Hinzu kommt erschwerend, dass der Konflikt zwischen dem Erblasser und seinem Sohn seinen Ursprung in der außerehelichen Affäre des Erblassers und der Beteiligte zu 2) hatte. Es könne jedoch nicht sein, dass ein Verhalten des Erblassers und die (nachvollziehbare) Reaktion des Sohnes hierauf, als außergewöhnliches Fehlverhalten des Sohnes ausgelegt werde.

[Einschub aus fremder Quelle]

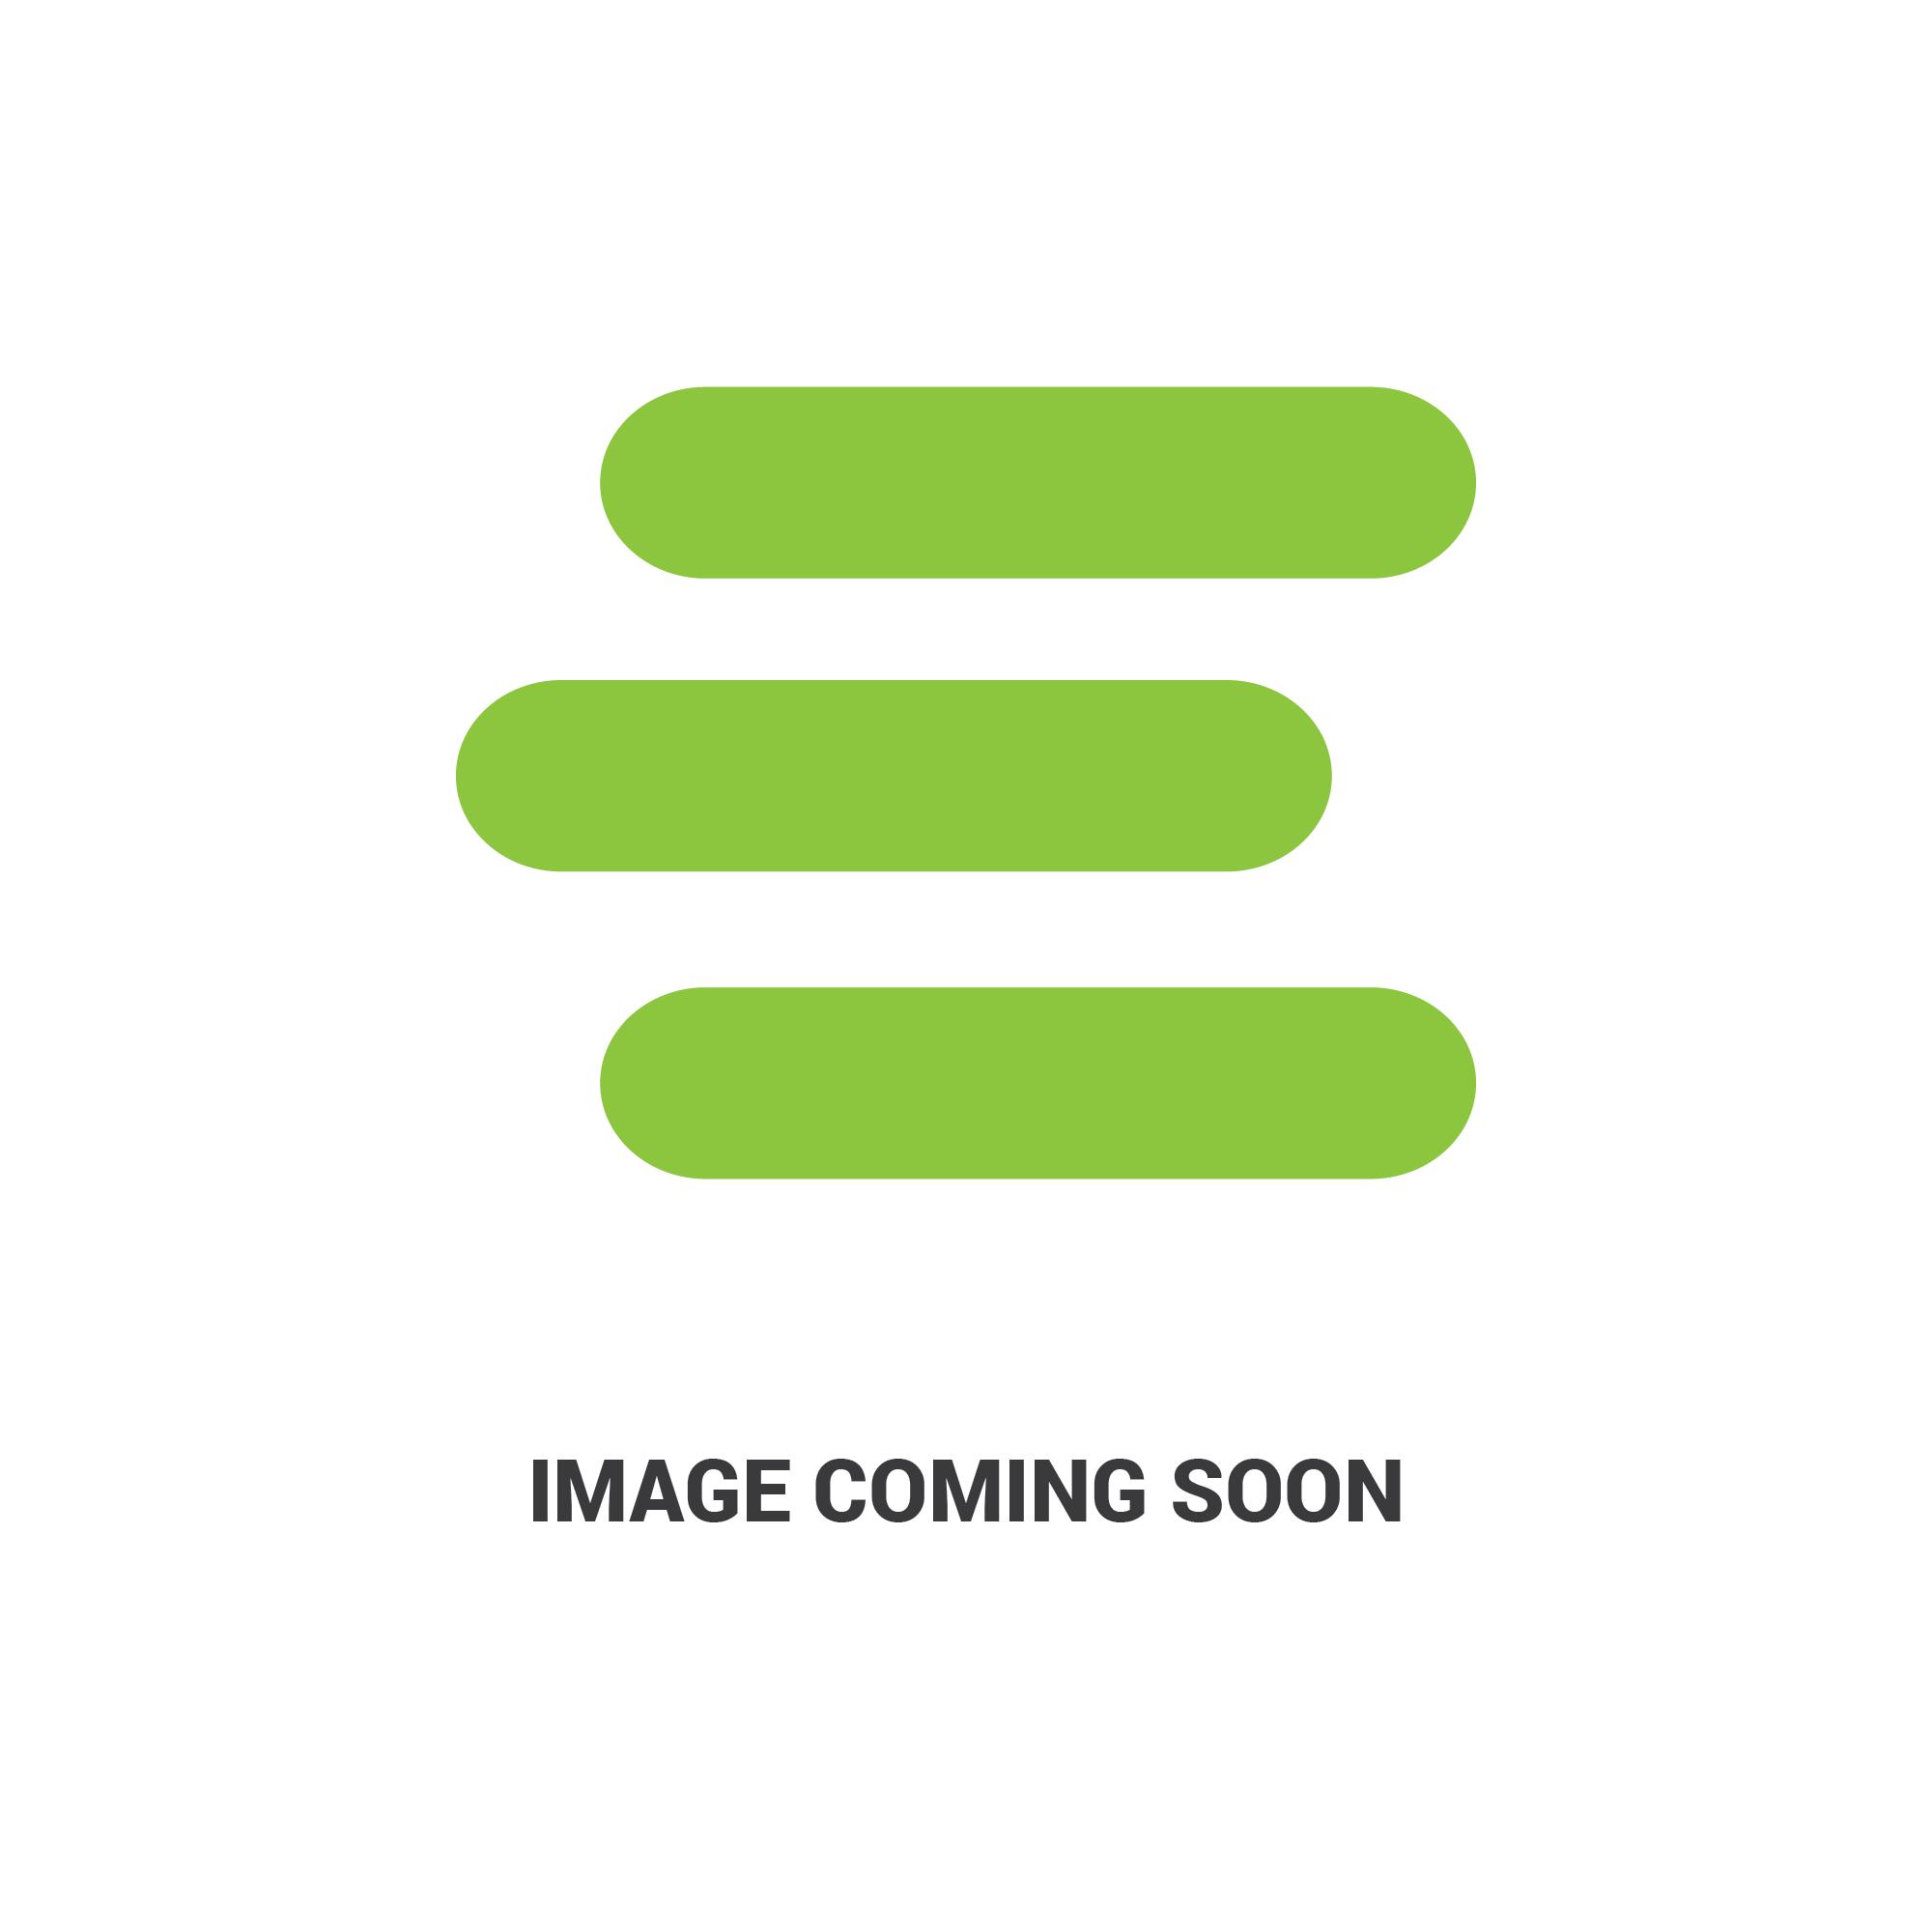 E-AL1735691987_1.jpg

Gerade vor dem Hintergrund, dass es sich vorliegend um ein gemeinschaftliches Ehegattentestament handelt, könne ausgeschlossen werden, dass die Ehegatten einen solchen Fall im Blick gehabt hätten, bei dem ein Streit zwischen dem Letztversterbenden und dem gemeinsamen Sohn aufgrund einer außerehelichen Beziehung des Letztversterbenden beruhe.

Änderung des Testaments ausgeschlossen

Die Konsequenz dieser richterlichen Beurteilung war, dass eine Abänderung der Schlusserbenbestimmung an der Bindungswirkung des ursprünglichen Testaments scheiterte. Die abweichende Anordnung war unwirksam und somit bekam letztendlich der Beteiligte zu 1) recht und erhielt einen Erbschein, der ihn als Alleinerben auswies.

Die Entscheidung des Oberlandesgerichts zeigt deutlich auf, dass allein die Aufnahme eines Änderungsvorbehalts in ein gemeinschaftliches Ehegattentestaments keineswegs dem überlebenden Ehegatten freie Hand gewährt, die gemeinsam getroffenen Regelungen nach dem Tod des Ehegatten wieder einseitig aufzuheben. Insbesondere auslegungsfähige Vorbehaltstatbestände sind – wie im dargestellten Fall – sehr streitanfällig und sollten daher – wenn überhaupt - nur großer Vorsicht und nach fachkundiger Beratung eingesetzt werden.